In a €15 million lawsuit filed in a Dutch court during June, Ghosn’s advisors suggested the former chairman and CEO of the Renault-Nissan-Mitsubishi Alliance was accusing the two Japanese carmakers of improperly terminating his contract as an employee of Nissan-Mitsubishi BV, without providing evidence of allegations levelled against him.
A joint investigation by both companies found in January that Ghosn allegedly received €7.8 million of ′improper’ payments from the Dutch-based joint venture, established in 2017.
′Nissan and Mitsubishi breached Dutch law in the dismissal process, by continuously refusing to provide any substantiation and documentation supporting their allegations against Carlos Ghosn, which is mandatory under Dutch law,’ Mr Ghosn’s advisers announced, following a report in French newspaper Le Figaro.
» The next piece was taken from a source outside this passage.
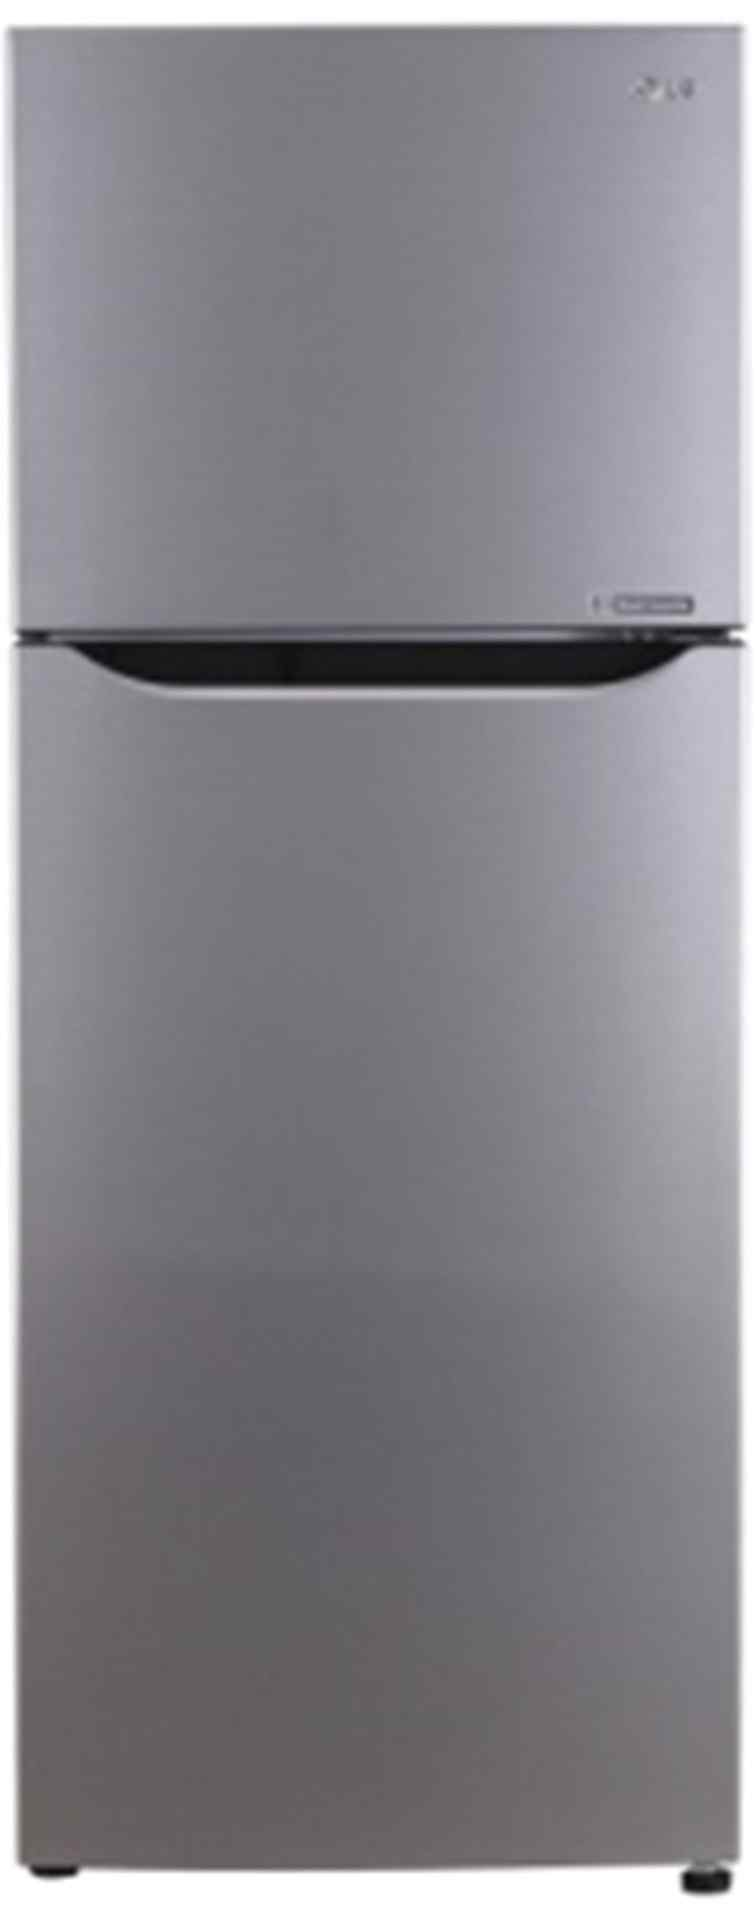 Best price on LG GL-Q282SPZL 255 Litres Frost Free Double Door Refrigerator in India

The two Japanese carmakers have yet to comment on the reports.
Ongoing allegations
Ghosn was arrested in Japan last year over financial misconduct uncovered during his tenure as chairman of Nissan. Since this, he has been charged on multiple counts, although none of these relates to the Dutch joint venture.
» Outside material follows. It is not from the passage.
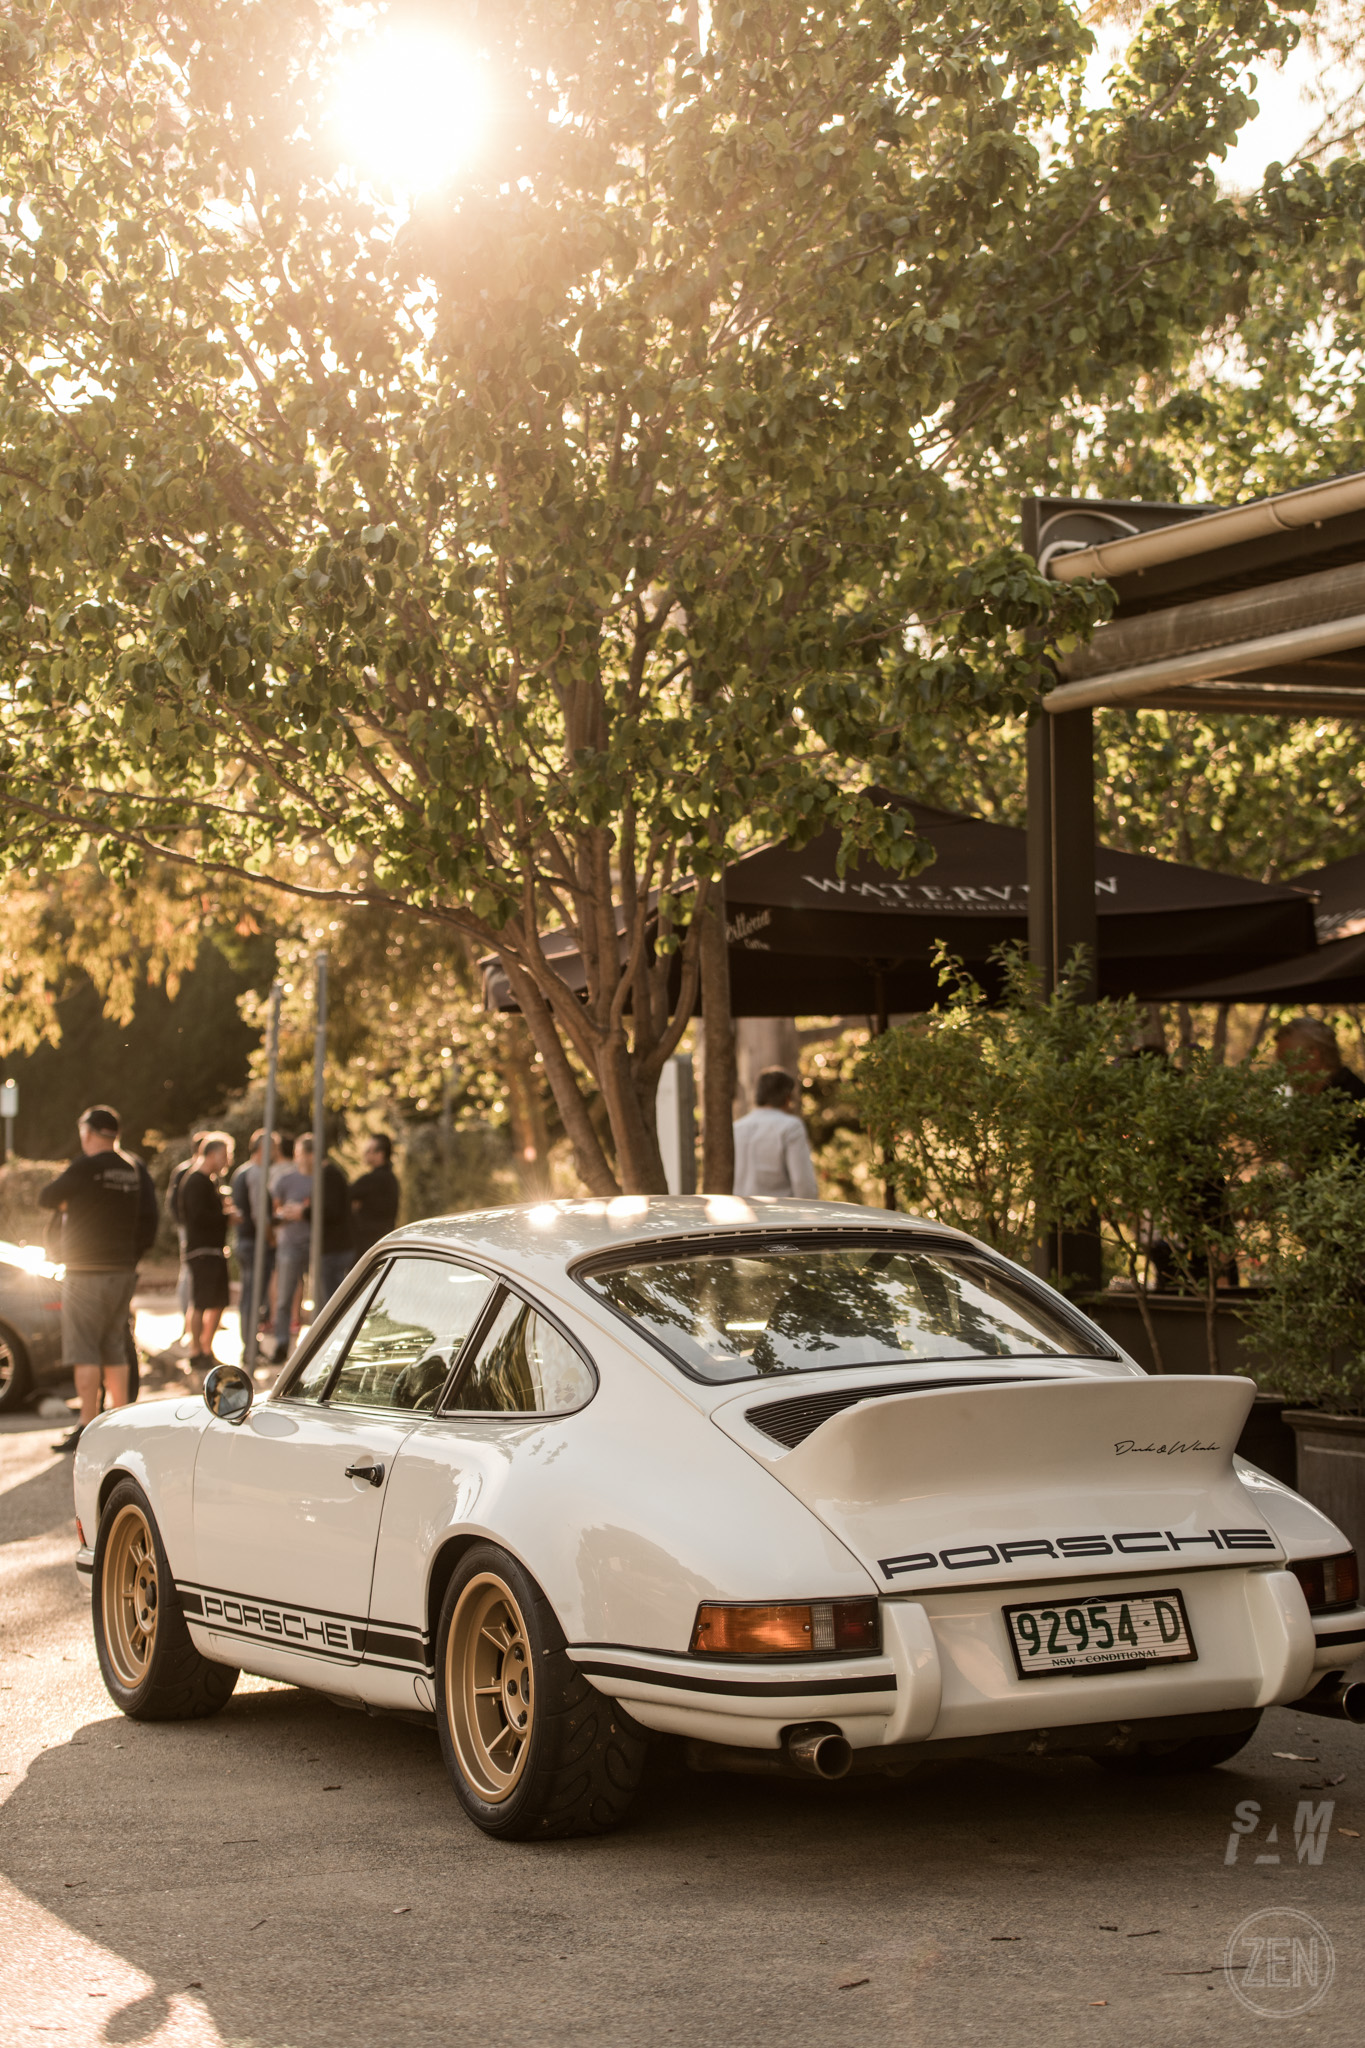 2019-10-27 - Autohaus Porsches & Coffee 061

The investigation by the companies did not uncover why Mr Ghosn had used NMBV to receive the payments that were made to him between April and November of last year, which were based on an agreement to employ him as managing director of the joint venture.
But the probe found the payments from NMBV to be improper because the employment agreement was signed off by an unauthorised member of Nissan’s secretariat.
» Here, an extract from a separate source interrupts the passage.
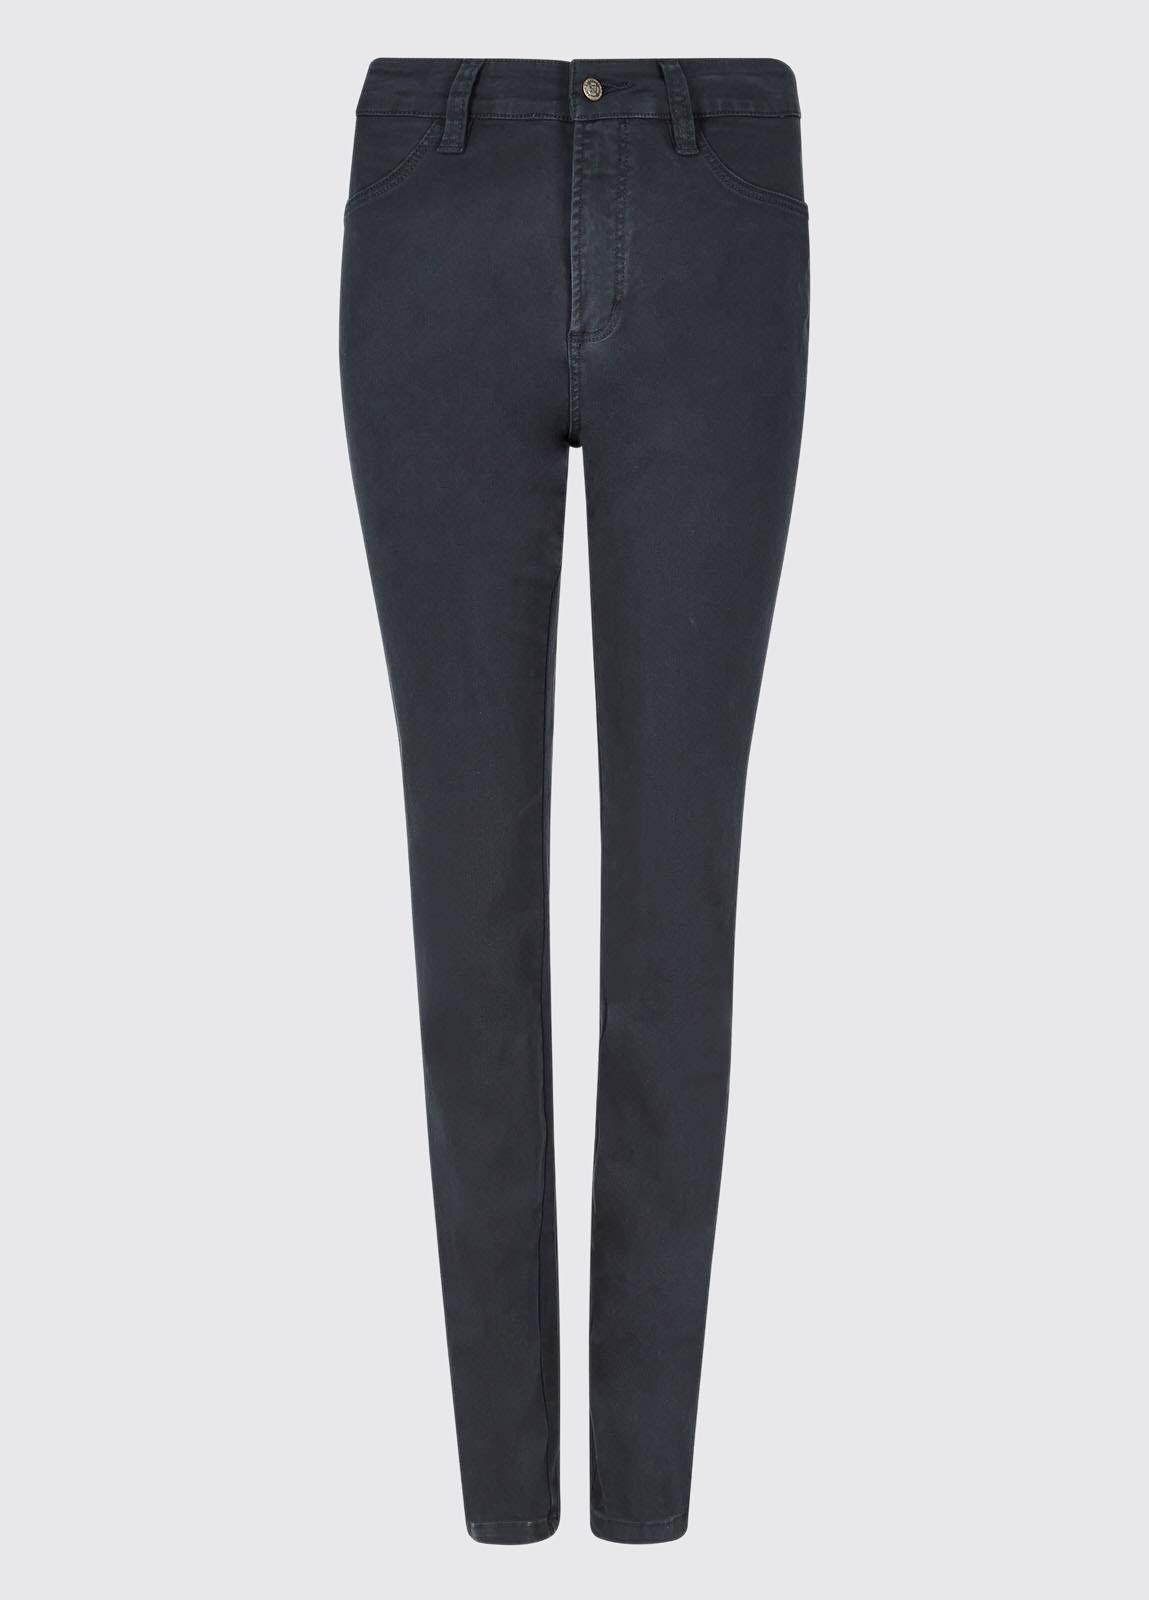 Hollyfern Jeans - Navy

One aim of Ghosn’s lawsuit may be to force Hiroto Saikawa, Nissan’s chief executive, and Mitsubishi chairman Osamu Masuko, both of whom are on NMBV’s board, to testify in court, giving Ghosn potential access to further evidence over his wider wrongdoing, which he denies.
Strength promised
The news comes as Jean-Dominique Senard, the chairman of Renault, who replaced Ghosn in the role at the French carmaker, said a new governance structure recently put in place following the allegations would work quickly to strengthen the group’s Alliance. This had been faltering in the lead up to the allegations over the Brazillian and has remained on rocky ground since.
The new board members, appointed last month, are ′conscious that they have a fiduciary duty. The notion of fiduciary duty was probably not the priority of the previous organisation. I think that is changing,’ Senard told reporters at a meeting of the Anglo-American Press Association of Paris.
The chairman also suggested the huge challenges and investments facing the automotive sector, from the US trade war with China and technological disruption from electric vehicles and autonomous development, would convince Nissan that the alliance had to be strengthened. ′One thing that seems obvious is that the sense of urgency in Nissan is getting stronger. The way that the performance of the company [has deteriorated] is such that the status quo seems impossible,’ added the Renault boss.